Sometimes, you just have to be good with getting anything done at all.
At least, that’s my perspective on things these days. Normally, I’d beat myself up over not hitting a certain word count per day. Or failing to work on novel revisions. Okay, so I still beat myself up over these things. But I beat myself up less. Which is important, relatively speaking.
I digress.
Getting mad at myself for failing to complete certain tasks repeatedly isn’t productive and tends to throw me into a cycle of failure. That is, if I failed yesterday, I’ll fail today, so why even try?
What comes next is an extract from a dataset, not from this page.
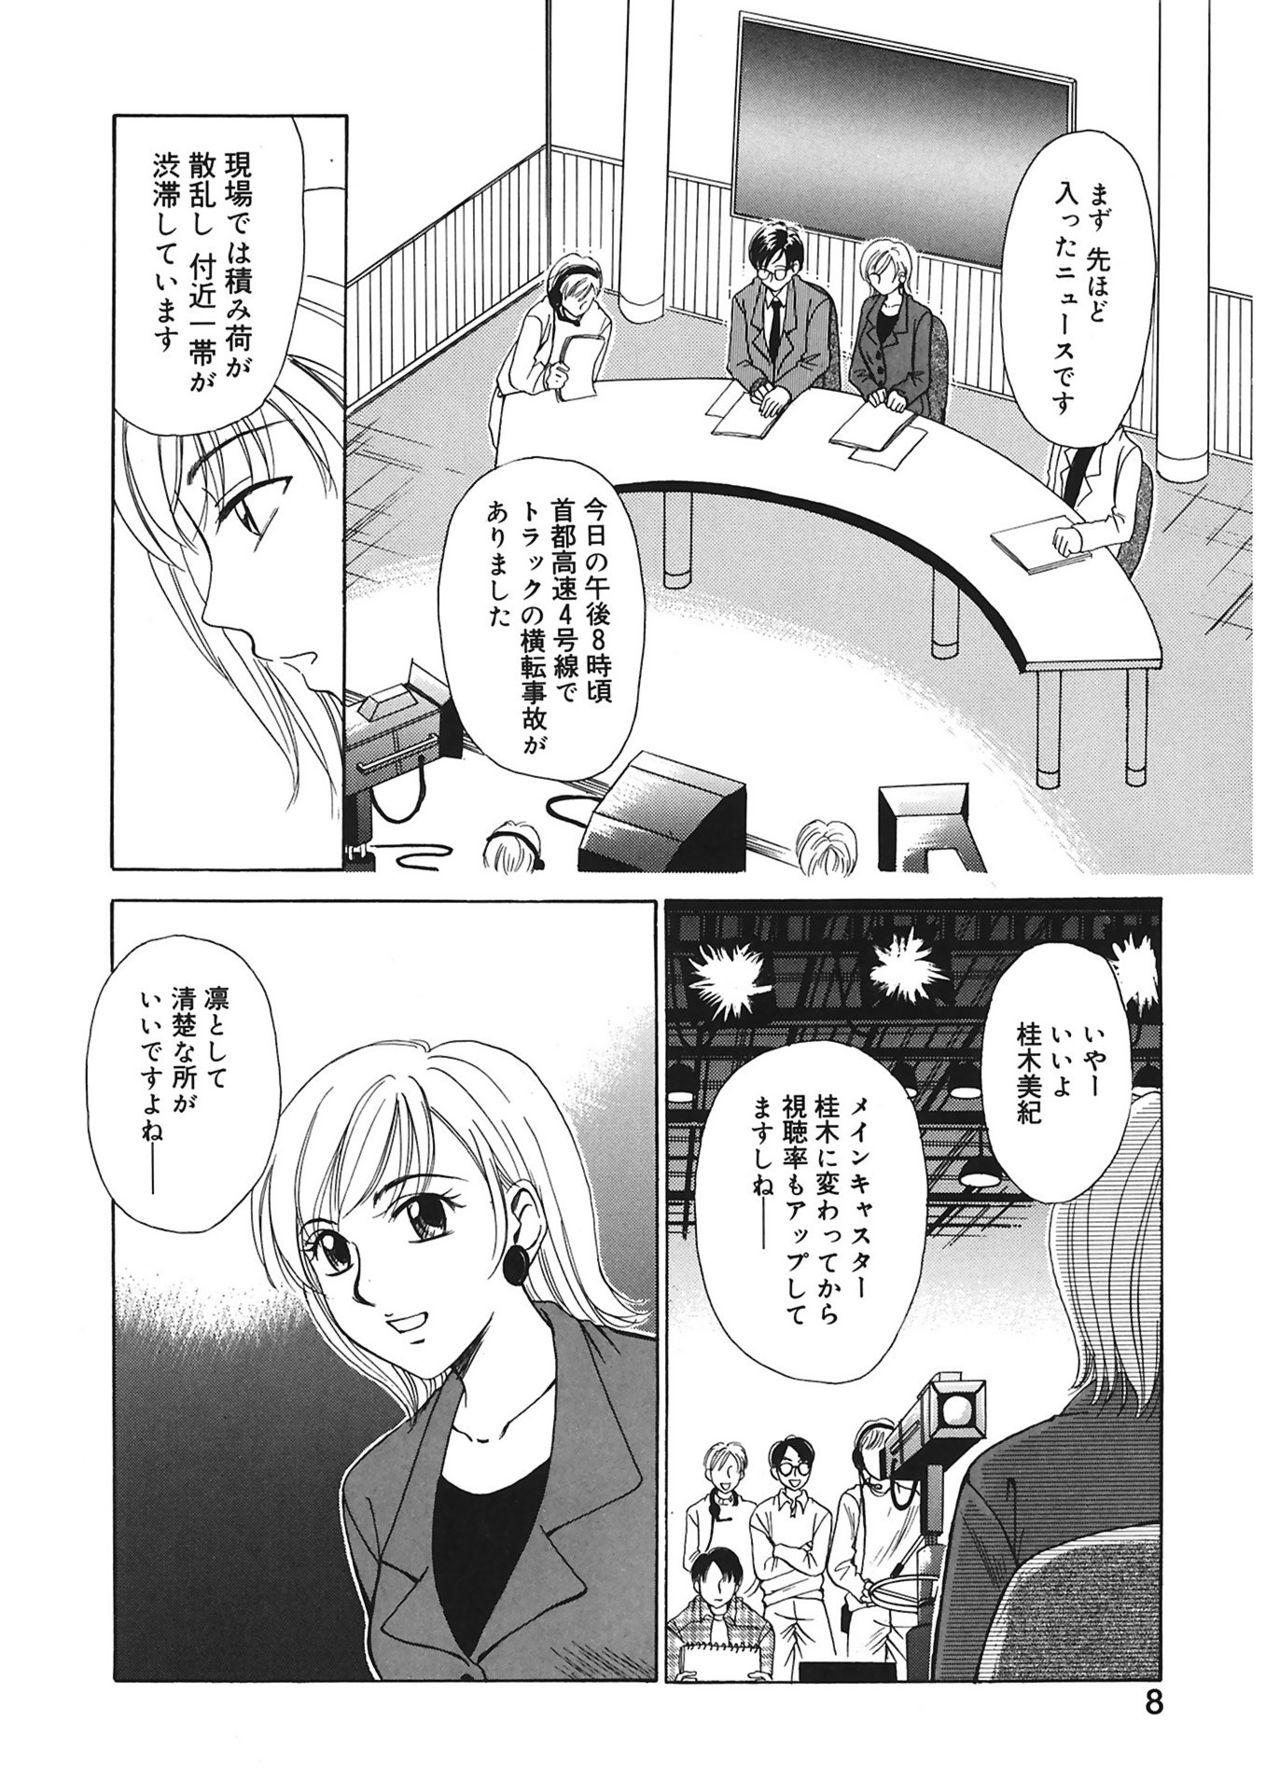 Monstercock [Gotoh Akira] 21 Ji no Onna ~Newscaster Katsuki Miki~ 1 [Digital] Girlfriends - Page 8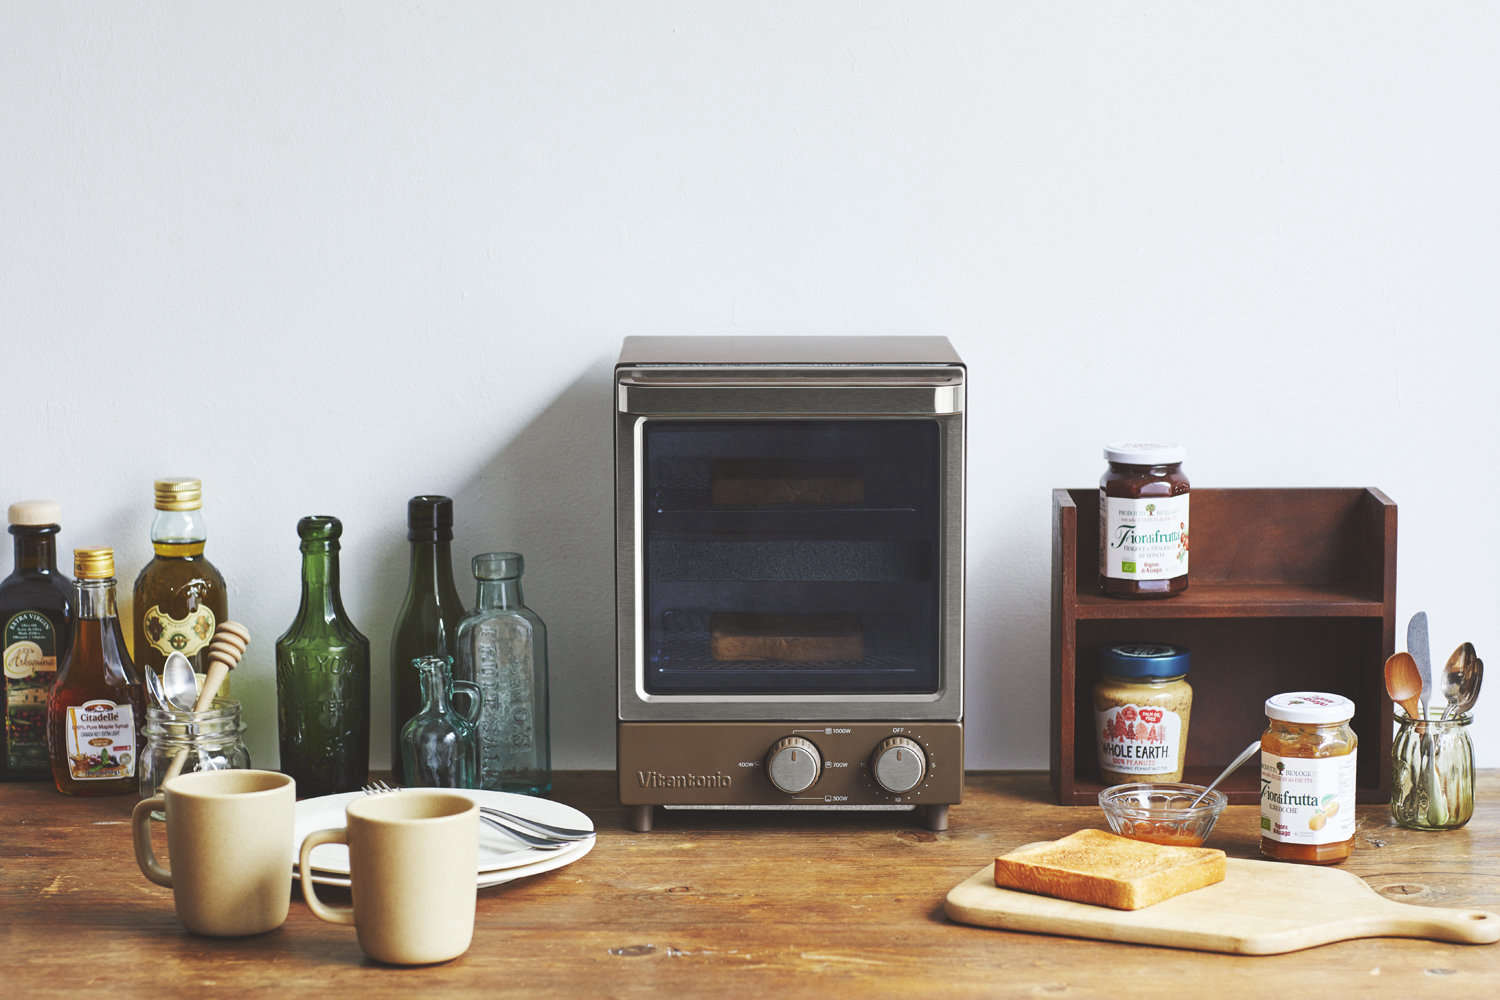 https://www.remodelista.com/wp-content/uploads/2019/03/vitantonio-vertical-type-toaster-oven-brown.jpg

But this negative self-talk is harmful and counterproductive. I still engage in it often, but trying to put my focus onto what I do accomplish is much more helpful. For instance, I didn’t write any new fiction today. But I did write this blog post and finish a critique for a writing friend that I’ve owed him since forever (sorry!). That feels good to check off the to-do list. Once I finish this post, I may even conquer revisions on something small, like a short story or a scene in my novel.
My point here is if a strict plan of action isn’t working for you and causing too much stress or self doubt, dial it back. This doesn’t mean you should change your goals; rather, it means you should refocus them. Become flexible. So long as you’re accomplishing something you want to accomplish, be happy. I’m hoping that checking things off my to-do list on a daily basis will inspire me and build the confidence I need to tackle larger projects.
I know this all sounds like armchair psychology. Honestly, it probably is. But I’m trying to work through complex mental blocks in how I view tasks, failure, and success. Bear with me as I struggle. And please, feel free to share your suggestions in the comments.
I’ve downgraded all my monthly targets this month. Honestly, I never meet them. It seems foolish to have them as a source of failure rather than a source of inspiration.